Case Description: This case analyzes the current profitability and estimated value of a rafting business.

Inventory: [no exhibits]

Industry: Adventure Business

Potential applicable frameworks: Profitability

INTRODUCTION

My friend Carlos wants to invest in a rafting business in California. In addition to the investment, he wants to work as
general manager of this business. Carlos has asked me following questions:

[Note to interviewer: This case is relatively straight forward. The interviewer should really probe interviewee to identify
the key drivers of both revenue and cost in this particular business—try not to give away much. In addition, once the
interviewee has performed the valuation, they should really think about some of the inherent risk of this business.]

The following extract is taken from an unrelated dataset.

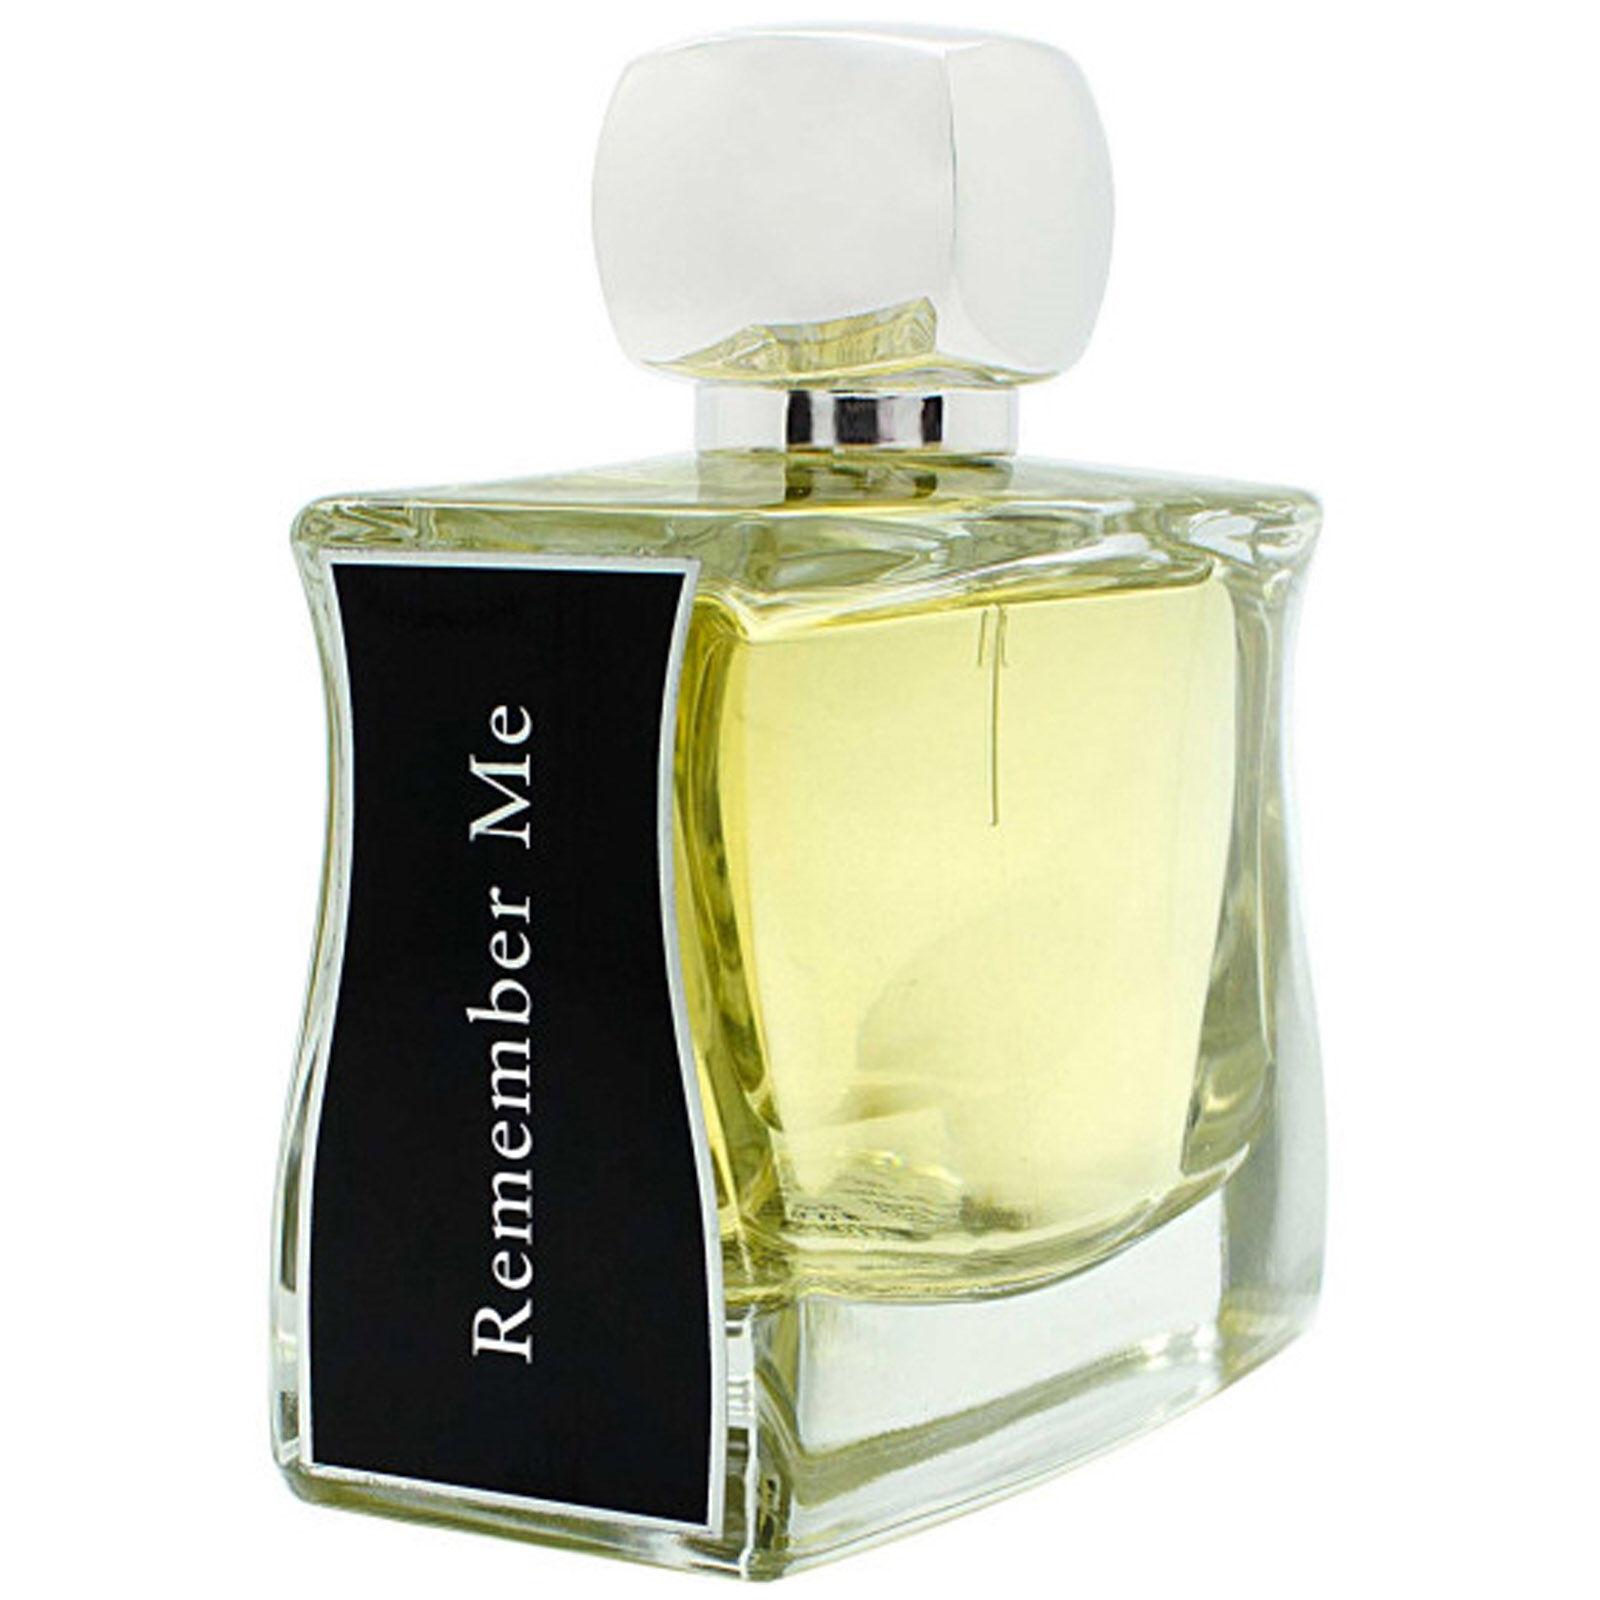 Jovoy Paris Remember me perfume eau de parfum 100 ml  - White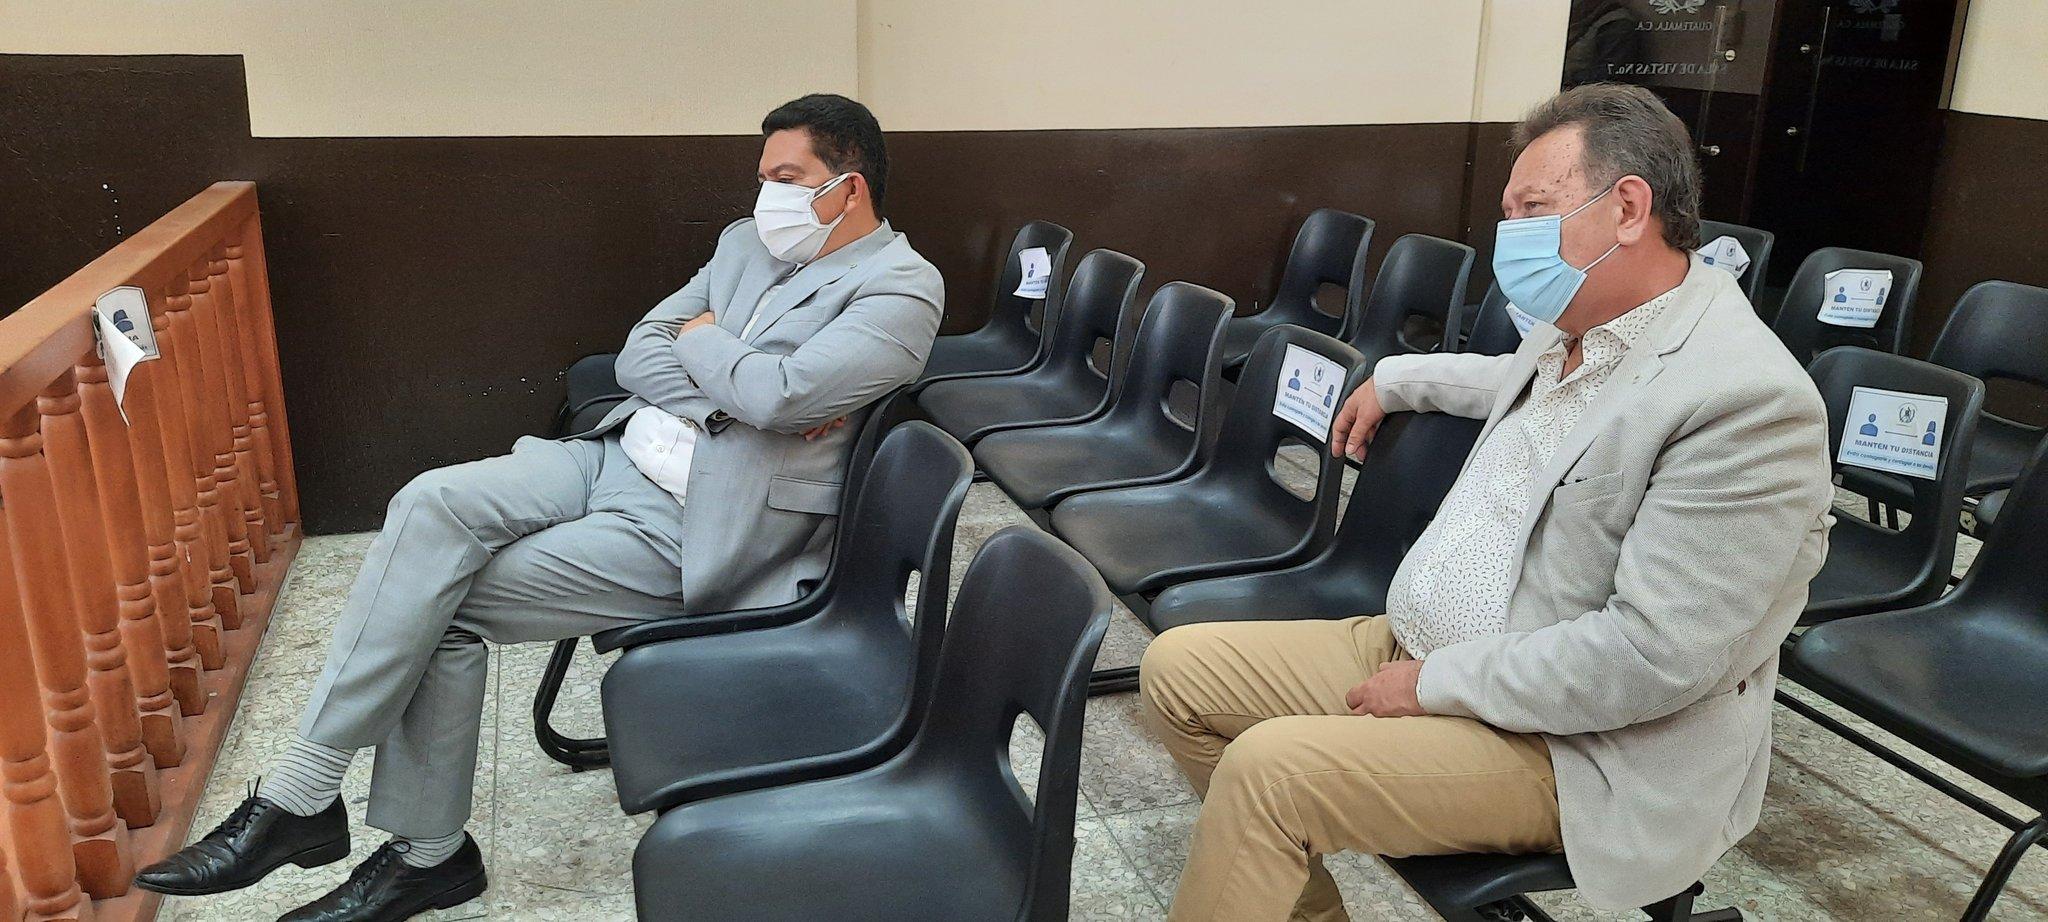 El juzgado de mayor riesgo D, ha dado inicio a la audiencia de primera declaración en contra del abogado Francisco García Gudiel y de William Darío Molina. Ambos son señalados de ocultar al exdiputado José Samayoa Soria quien era buscado para enfrentar la justicia.

Question 1: Is the business currently profitable?

Question 2: How much is the business worth?

Question 3: Should I acquire it?

Case Details

Question 1: Is the business currently profitable?

Info to be given as case progresses:

• Since this is a seasonal business, it is open every day in July and August and only 2 days per week in May, June, and
September. It is closed for the rest of the year.

Info to be given if asked:

• Revenue:

o The business has 5 rafting boats. o Each boat makes on average 20 trips per day.

o The price of each trip is $20.

• Costs:

o Variable: Labor is 4 Rafting instructors, making $15/hour worked.

o Fixed: General manager’s salary: $40,000/year

o Fixed: 2 leased vans to transport clients and equipment from the end of the tour back to the start: $5,000/van/year

o Fixed: Insurance (risky business!): $8,000/year

o Fixed: Overhead is $2,000/year

Question 2: How much is the business worth?

Info to be given if asked:

• For the valuation, let’s assume a discount rate of 10%.

• Let’s do a perpetuity valuation.

Question 3: Should I acquire it? No Information.